The second was the family dynamics: Stravinsky's wife Catherine is ill, with tuberculosis (consumption) and Chanel insists on providing what she thought was the best of 1920's Parisian medical care. That care was not, of course, very good nor was it very effective. Well before 1920 patients were sent for their "rest" into the mountains and other areas with good air and a therapeutic relief of stress. Catherine stays in polluted Paris and in a stressful atmosphere in which she is suddenly dependent upon others and also does not have the central part of her children's lives which she had had when she was healthier. Additionally, she seems and hears her husband and, increasingly, her children come under the spell of the vigorous (and controlling) Coco Chanel. Her children are cared for by the household servants but mostly by their governess (and later are sent out to a school). The oldest girl is particularly charmed by and favored by Chanel and we learn in the appendix that she later becomes part of Chanel's establishment.
Catherine and, more slowly and through just a sense that things "aren't as usual," the children notice when suddenly the daily routine of their father's work is broken up in the afternoon. This was when first Coco Chanel seduced Stravinsky in his studio and then they began to make love daily at about the same time mid-afternoon. I thought it was interesting that each phase of the affair took only a few weeks and yet it had that timeless quality that early romances seem to have; somehow Greenhalgh made this come alive with his writing. Catherine's visceral, emotional, and intellectual reactions are conveyed--and then her awkwardness and agony in making her complaints to her husband seem even more painful. Stravinsky, the guilty party, is repelled by Catherine's complaints but yet he still has a historic love for her, his memory of her as a young girl/young woman, and his love for her as the mother for his children. Greenhalgh includes far more aspects of the family dynamics but I will leave that up to those who want to read this for themselves.

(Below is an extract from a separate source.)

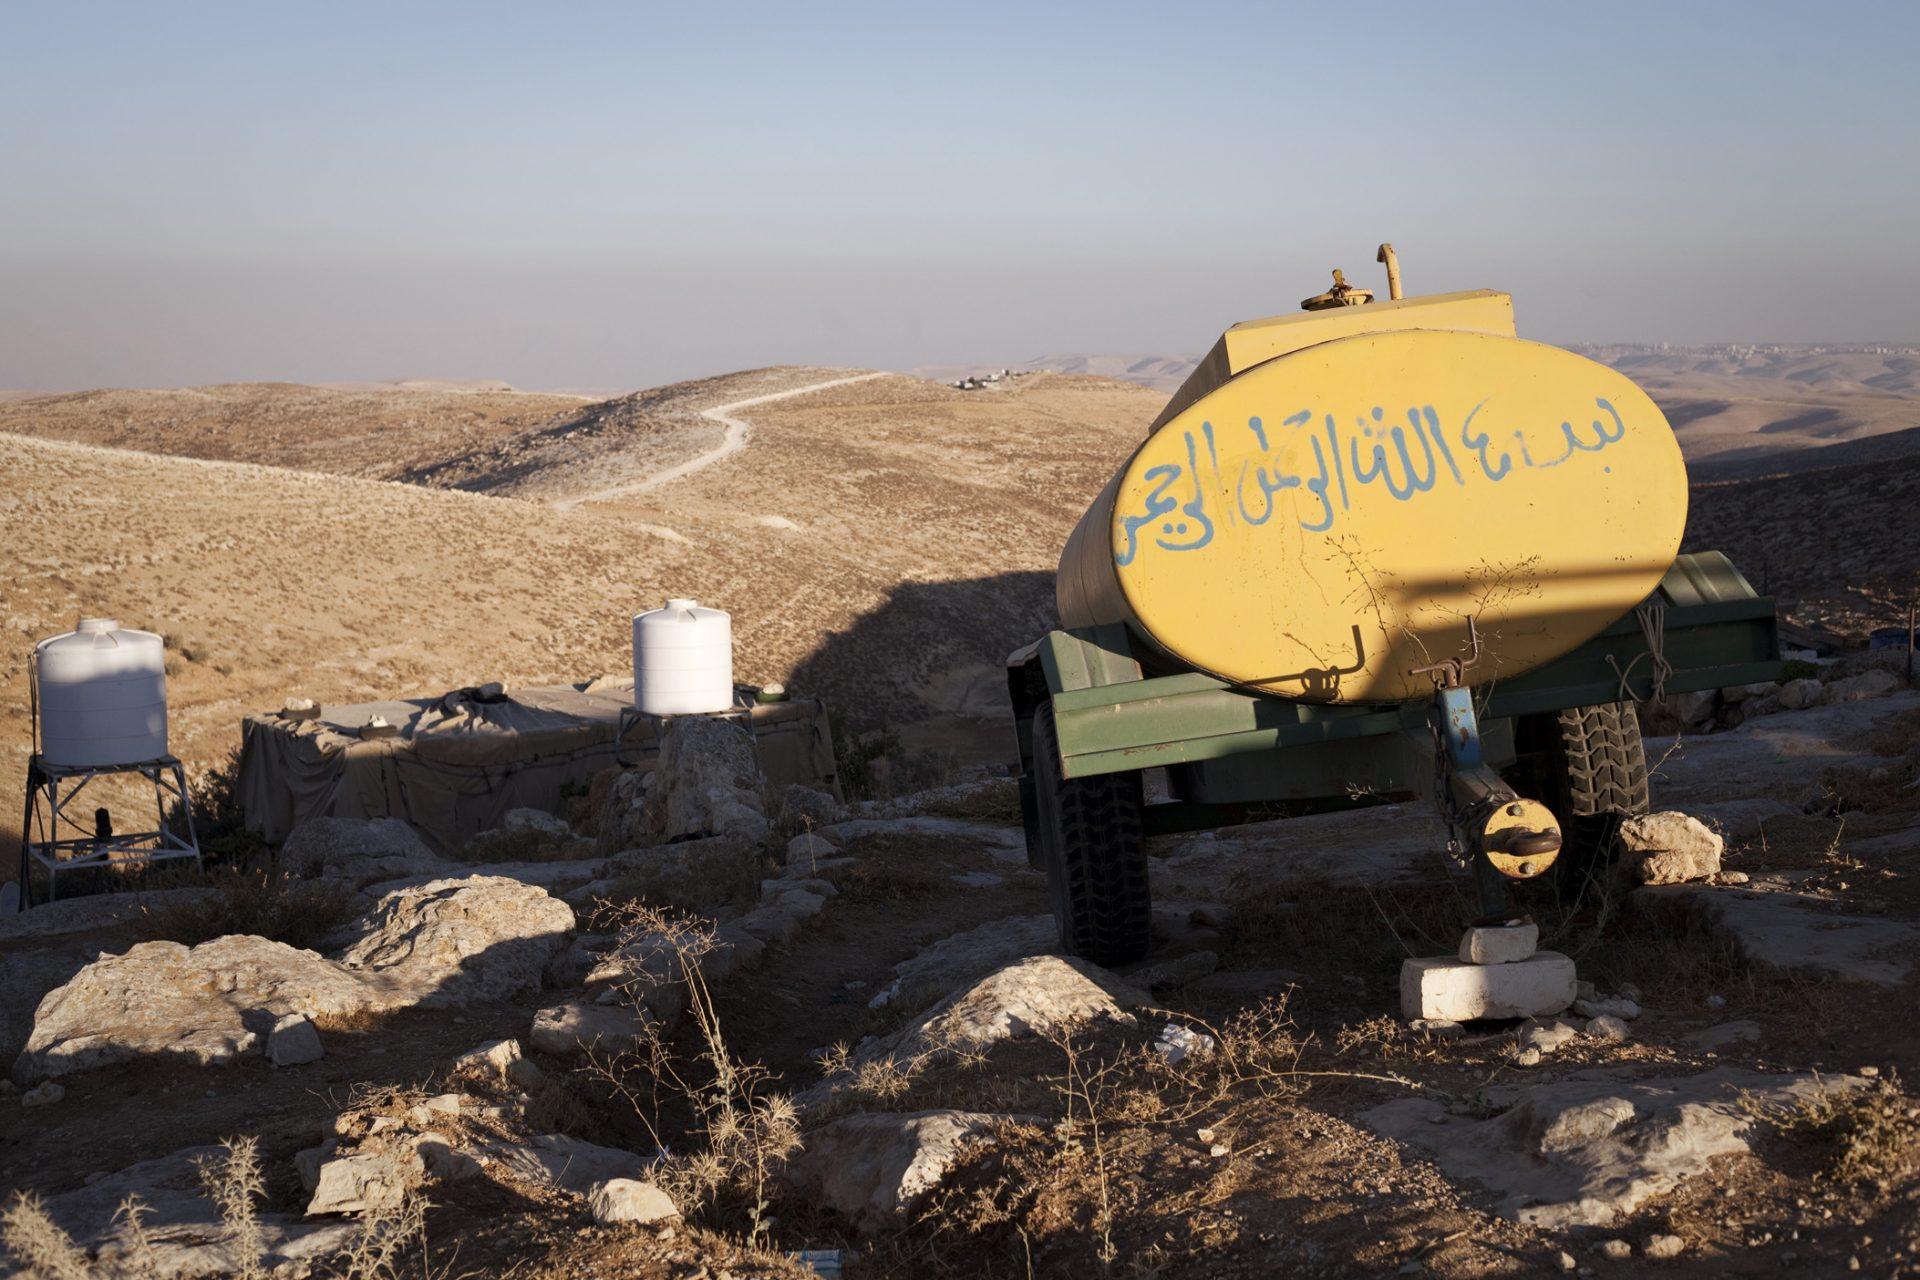 Toutes les maisons des villages palestiniens sont équipées de citernes qui leur permettent de stocker l'eau les jours où ils y ont accès (lorsqu'ils ont l'eau courante). Beaucoup de villages ne sont pas raccordés au réseau et doivent aller acheter de l'eau en ville. Selon un rapport de la Banque mondiale, un Israélien dispose en moyenne de quatre fois plus d'eau qu'un Palestinien.

Eventually, Coco realizes that she does not really love Ivor who she sees as non-decisive and not having the--what? decisiveness? visor?--character that she wants in a lover. To break it off decisively, she invites the former former Russian Grand Duke Dimitri into the home as a guest, fellow horse rider, and lover. While her love affair with Stravinsky ends, they continue to have friendly relations over most of the rest of their lives. Stravinsky was born in 1882 and Chanel in 1883; they die in their 1980's. This book would be a greatly misleading picture into their lives without the chronology of each of their lives and as their lives intersect in the appendix. It is for that reason that I rate the book only 3 stars. I thought Greenhalgh did a good job with a limited set of goals.
Commentary: I bought this as a "airport book" right after 9/11. I have handwritten notes about bathrooms being unavailable one hour after take off and one hour before landing so really not being available in flights from Detroit to New York! It just sat on my bookshelf neglected until June 9, 2015!